Each tissue slide was pre-treated in Tris-HCl solution (pH 8.0) for 10 minutes and treated with proteinase K for 20 minutes. After washing with PBS, endogenous tissue peroxidase was inactivated with 3% H₂O₂, and the samples were washed again with PBS. The positive control group for immunohistochemical examination was pre-treated with DNA buffer for 10 minutes and DNA was fragmented artificially by addition of DNase I for 20 minutes. The samples were pre-treated with transferase-mediated deoxyuridin triphosphate buffer (TdT, SIGMA, St. Louis, MO, USA) for 15 minutes, and reacted with terminaldeoxytransferase and Biotin-16-2'-deoxy-uridine-5'-triphosphate (dUTP, F. Hoffmann-La Roche Ltd, Basel, Switzerland) at 37℃ for 2 hours 30 minutes to label dUTP. The negative control group was not treated with terminaldeoxytransferase. The reaction was terminated by immersing the samples in TB buffer for 10 minutes, and subsequently blocked with 2% Bovine serum albumin for 15 minutes, followed by washing them with PBS, reacting them with streptavidin-peroxidase for 30 minutes, and then staining them with DAB. Nuclear fast red was used for counter-staining, and the samples were dehydrated again with 70, 90, and 100% ethyl alcohol, and then mounted. To count the number of TUNEL positive-staining cells, three areas of each slide were selected randomly, and the number of total cells and the number of stained cells in a rectangle of 150×250 µm in size were assessed. The ratio of positive cells in each zone of the growth plate was calculated as the number of positive cells to the total number of cells.

VEGF immunohistochemistry

Slides were prepared by a conventional method, treated with 3% hydrogen peroxide (H₂O₂), and then treated with 0.4% pepsin for 20 minutes. After washing with PBS, 20% goat serum was added to the samples, followed by VEGF antibody (DAKO) at room temperature for 12 hours. After washing with PBS, immunohistochemical staining was performed by applying avidin-biotin (mouse IgG, extra avidin method), staining with D DAB, and counter-staining with Mayer's hematoxylin. To count the number of VEGF positive-staining cells, three areas of each slide were selected randomly, and the number of total cells and the number of stained cells in a rectangle of 150×250 µm in size were assessed. The ratio of positive cells in each zone of the growth plate was calculated as the number of positive cells to the total number of cells.

Statistical analysis

For all groups, the significance of differences in the entire length of the growth plate, the resting zone, the proliferation zone, and the hypertrophic zone, as well as the number of BrdU, TUNNEL, and VEGF positive-staining cells was assessed using two-way ANOVA. The level of statistical significance was set at p<0.01.

RESULTS

The growth plate and the length of each zone according to age

The length of the growth plate was examined in rats from 6 weeks to 18 weeks old. We found that the length of the entire growth plate decreased with aging. During the initial period of growth at 6 and 9 weeks, a significant difference in length of the growth plate was detected when comparing WKY, SHR-n, and SHR+n rats. Especially at 6 weeks, the length of the entire growth plate of the SHR+n group was significantly shorter than that of the WKY group and the SHR-n group; it was approximately 63% of that of the WKY group. However, as bone growth progressed over time, all three groups showed decreases in the lengths of the growth plate, and the difference in the lengths of the growth plate among the three groups decreased in comparison with the initial growth period (Fig. 2).

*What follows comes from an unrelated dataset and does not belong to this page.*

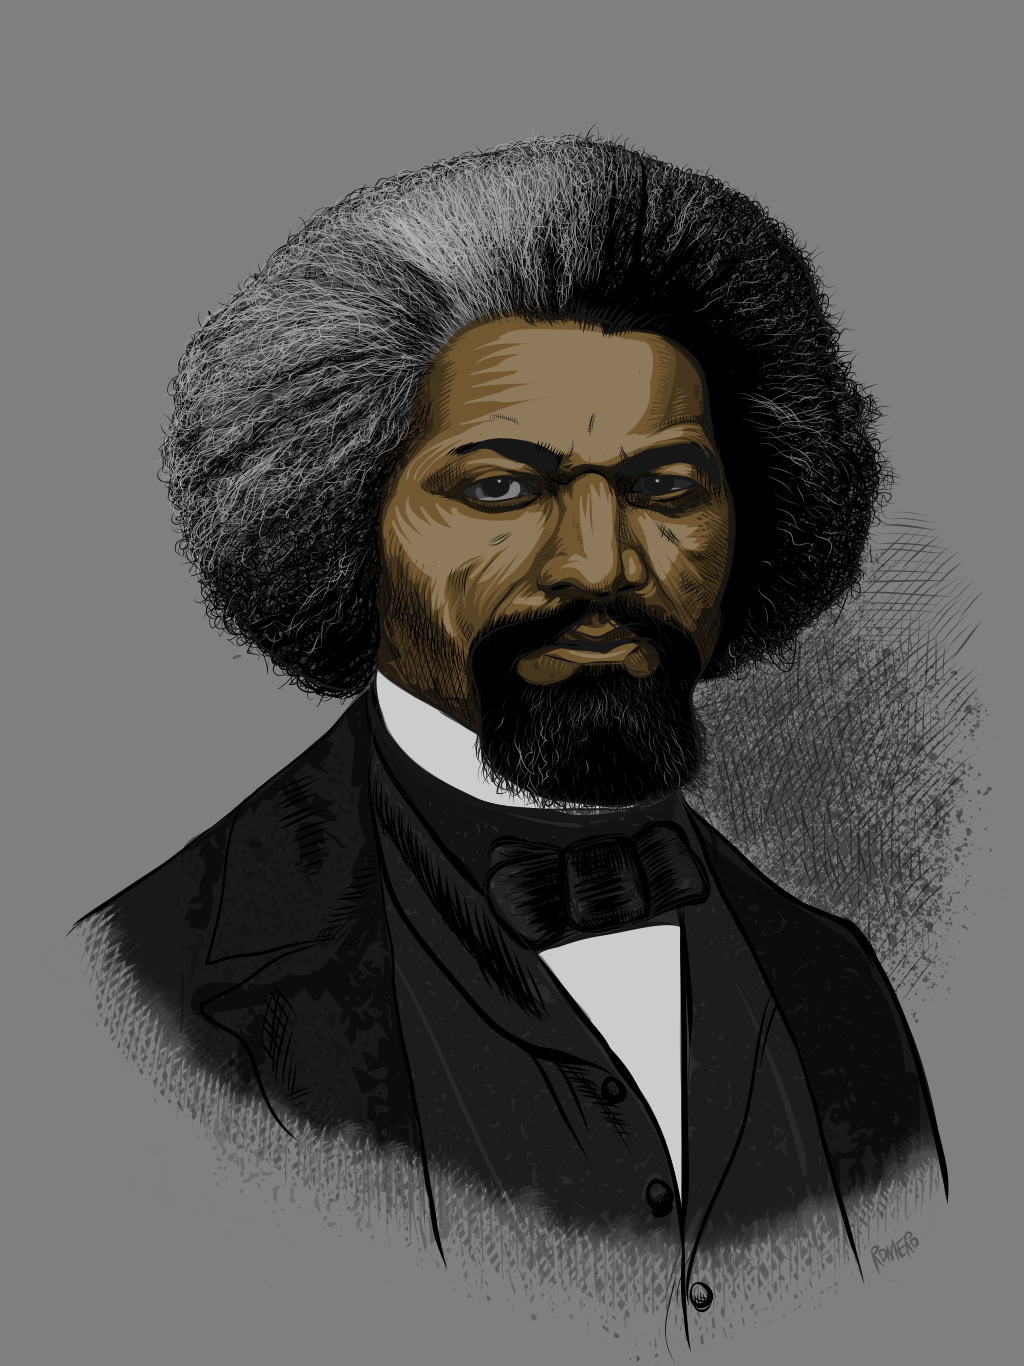 adobedraw black history month Civil Rights african american slavery history digital portrait vector art Abolition  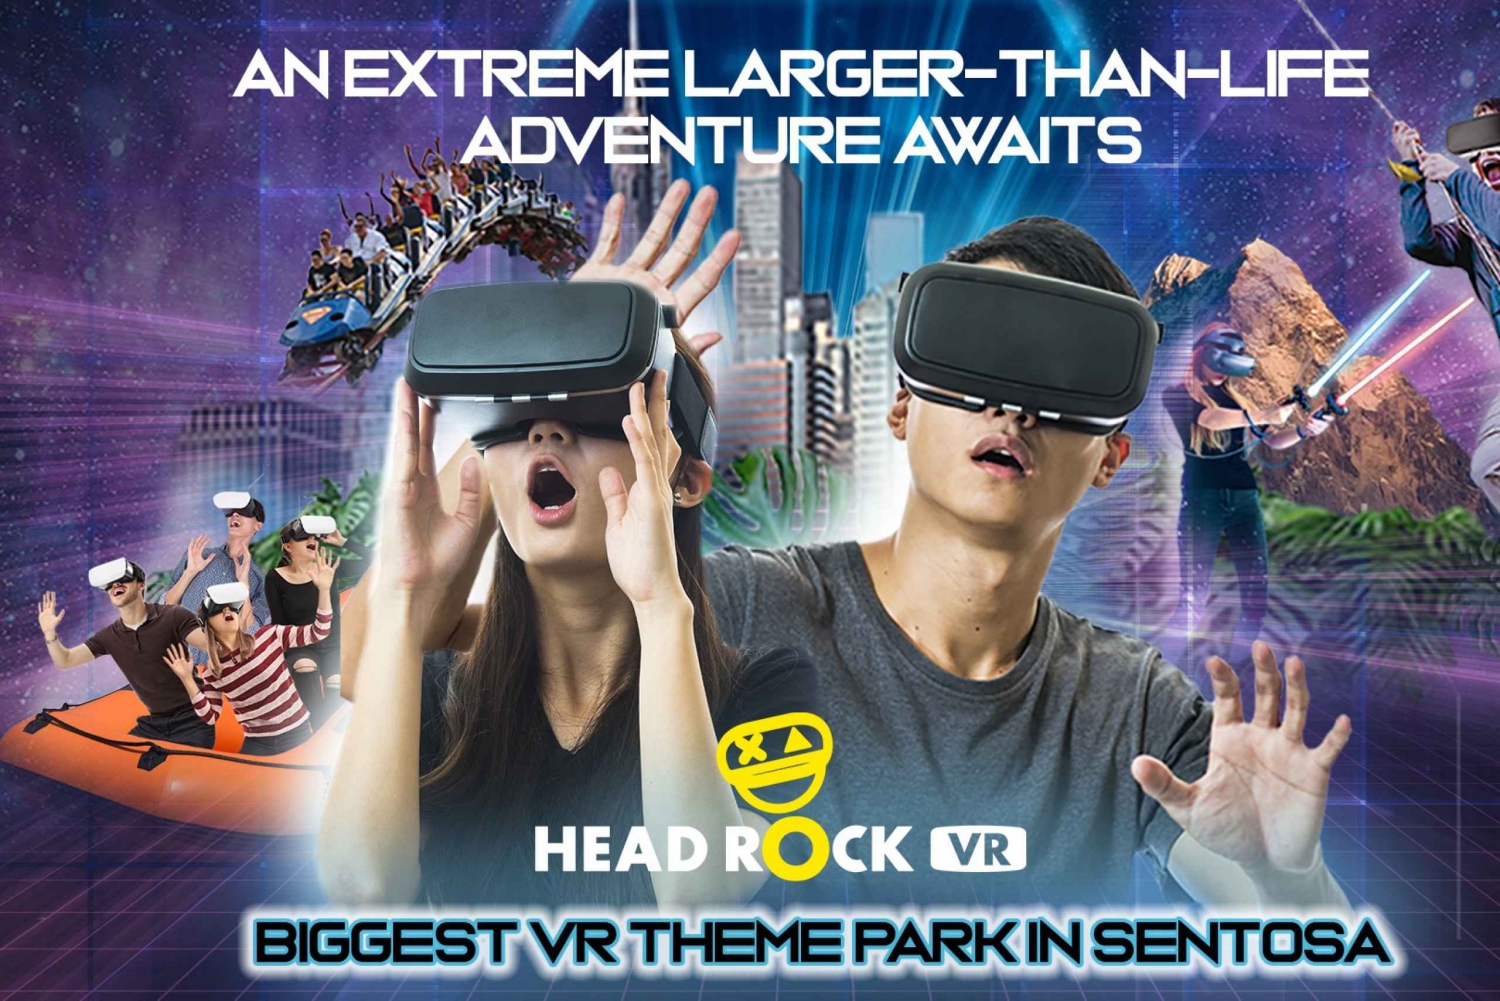 Singapore: HeadRock VR Experience

At 6 weeks of age, the length of the proliferation zone in the growth plate of the SHR+n group was significantly shorter than that of the WKY and SHR-n groups. At 9 weeks of age, the length of the resting zone in the growth plate of the SHR+n group was significantly shorter than that of the WKY and SHR-n groups. The difference in lengths between groups at 6 weeks of age was greater than that observed at 9 weeks of age (Table 1).

Measurement of cell proliferation capacity

BrdU positive-staining cells were detected in the hypertrophic zone (Fig. 3). At 6 and 9 weeks of age, a significant difference in cellular proliferation was detected when comparing WKY, SHR-n, and SHR+n rats. The WKY group had the highest proliferation rate, while the SHR+n group had the lowest proliferation rate. However, as bone growth progressed over time, all three groups showed a decrease in cell proliferation capacity, and the difference in cell proliferation capacity among the three groups decreased in comparison with the initial growth period; by the age of 12 weeks, there was no significant difference between the lengths of the growth plate in the three groups (Table 2).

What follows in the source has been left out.